Once you see the model its easy to identify other similar systems, the version of free energy the model and prediction error, rate of adjustment.
There’s not even a real name for the thermodynamic model since it’s not specifically ordinary heat equations but the math is the same.
AI is now sufficiently evolved to start resembling an analogous thermodynamic system but the evolution is still on the scale of months, and it only operates in the sphere of digital representations of symbols (language-like) images (sight-like) and sounds.
The most evolved AI’s which work in this model is actually the collective financial tradings system we have set up and given up on any semblance of control. It has a model of reality which it continuously adjusts, along with taking action on it, and seeks to preserve itself and grow hegemonically in differentiation from the state of non-being. It continuously rewards caretakers who minimize free energy and error in the system.
Welcome to Friston’s world
I like what you wrote :) Minimizing predictive error is a universal, useful mechanism found in so many animals and birds. And true, LLMs, even embodied ones, can't possibly do that (embodied ones lack the exquisite level of coupling that biological bodies+brains have, having co-evolved).

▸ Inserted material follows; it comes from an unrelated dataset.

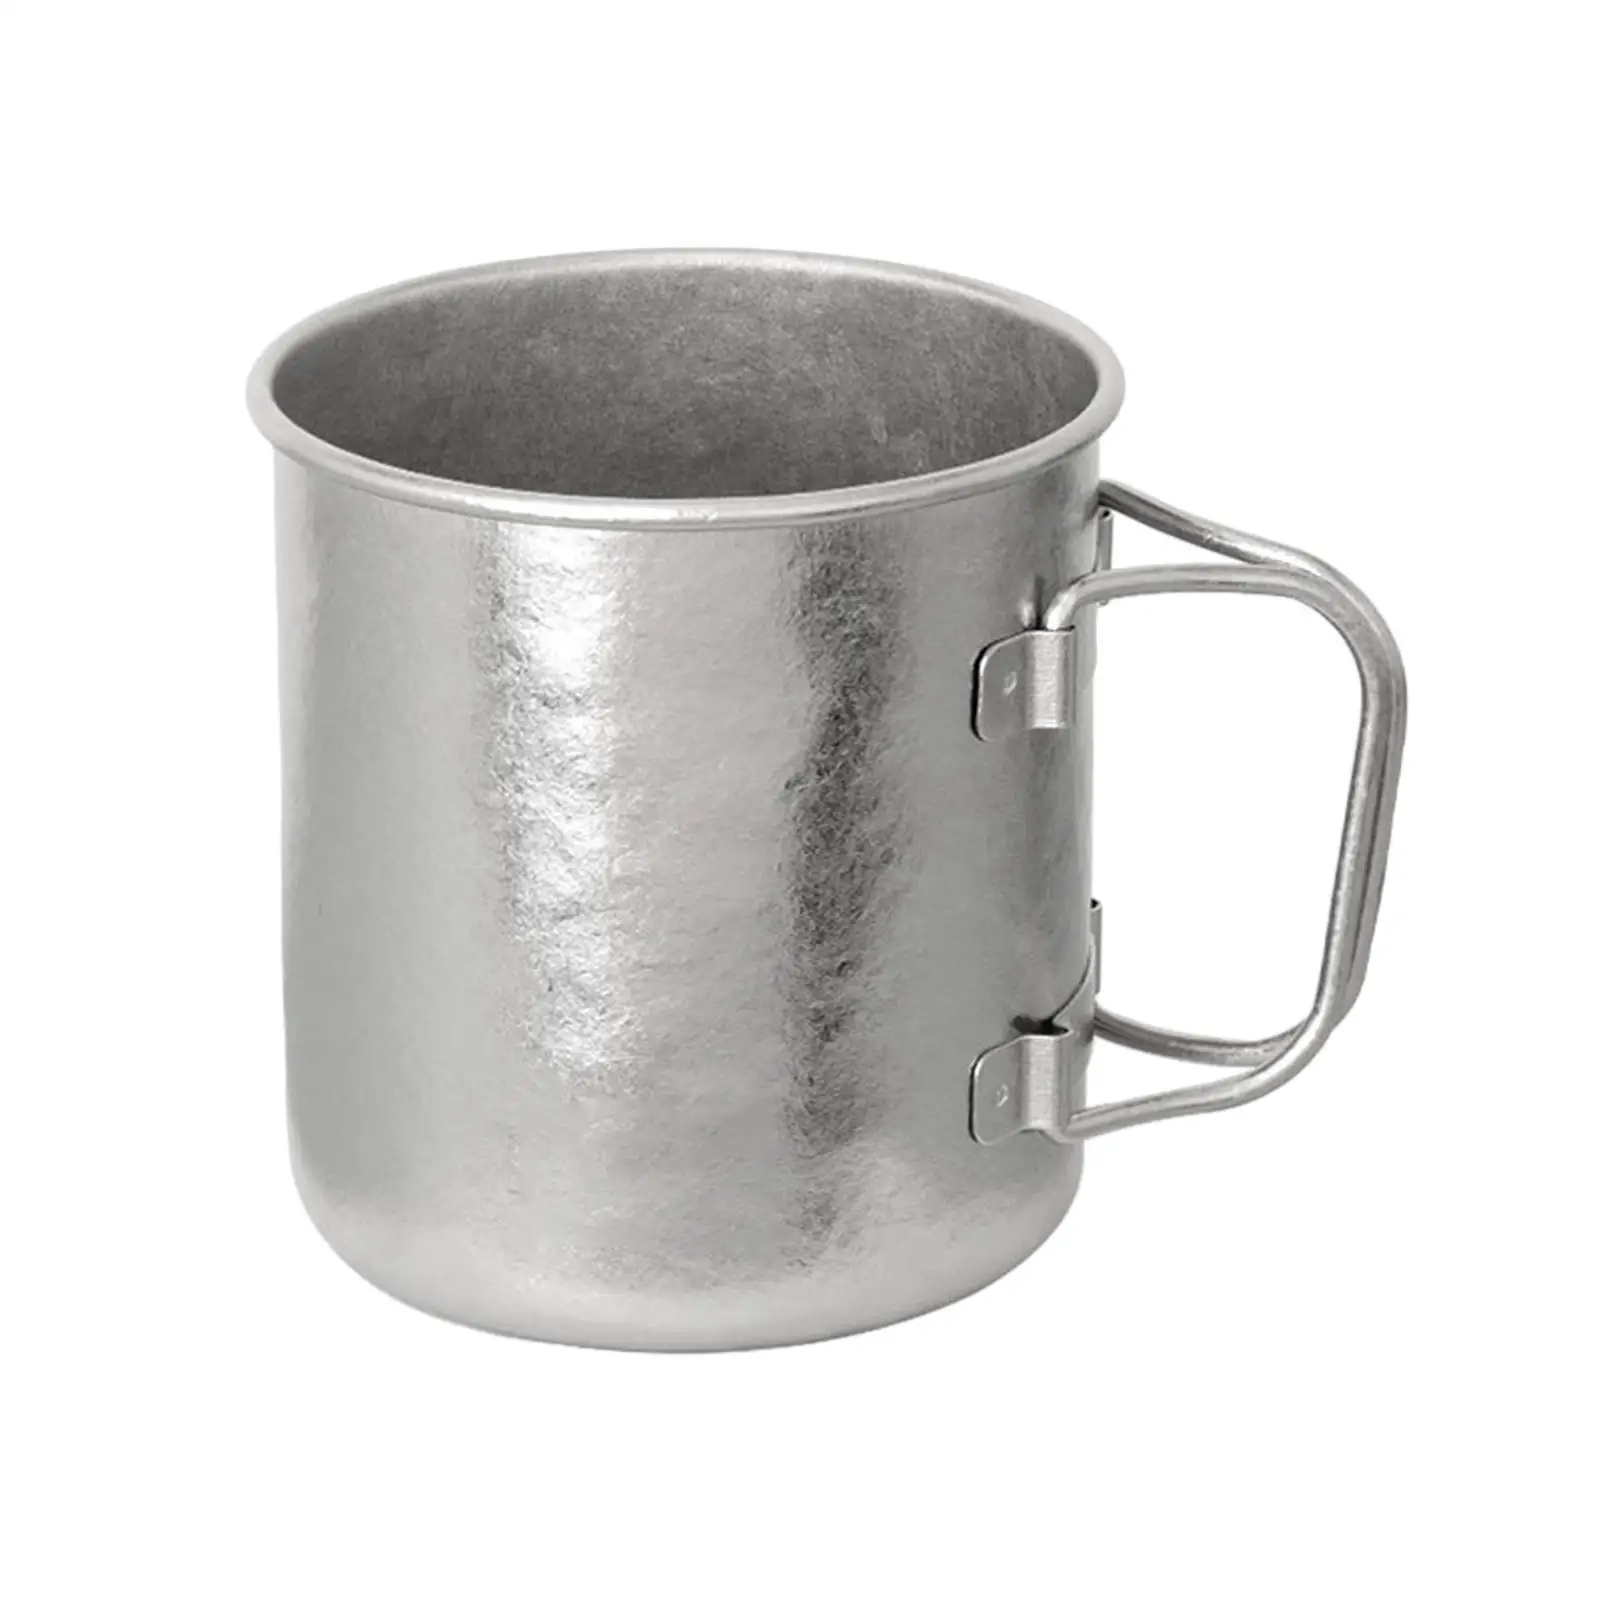 Titanium Mug with Folding Handles Coffee Tea Water Cup for Daily Use Picnics

It does not take a Stats genius to realize that a system built on autoregressive averaging models are inherently not built for out-of-distribution events, but the LLM world keeps on insisting that it can do it.
It would be far better that they admit the inherent flaws, so we can focus on the strengths: use them when the situation is not life-critical (and if it is, be much better than humans).
I take your point, but it also seems to be the case that we don't fully know what's in a distribution until we try modeling it.
Consider this prompt: "write a biblical verse in the style of the king james bible explaining how to remove a peanut butter sandwich from a VCR". If you hadn't heard of this prompt, would you have thought it was in-distribution? I wouldn't. And yet — a year and a half ago, in its early days — ChatGPT did a creditable job with it: https://x.com/tqbf/status/1598513757805858820?lang=en
I wouldn't call it brilliant, but it's good enough to be hilarious, and ChatGPT did come up with the detail of the butter knife.
So I think it's fair to say that, given sufficient training data, transformer architectures are remarkably good at finding behavior in large distributions that one might not have suspected was present. That would make them worth some exploration in any case; the only way to find out what LLMs could do was to build some. The boundaries of the distribution — what's an outlier and what isn't — are a function of the training data, and thus can only be determined empirically.
That doesn't contradict your point, which could be rephrased as saying that whatever the boundaries of the distribution are, they are static, indicating that a crucial aspect of human cognition has not been captured.
"In distribution" is not the same as "in training data". The example you cite is in distribution in so far as the words generated have been selected from the word correlations that were learned from the training data.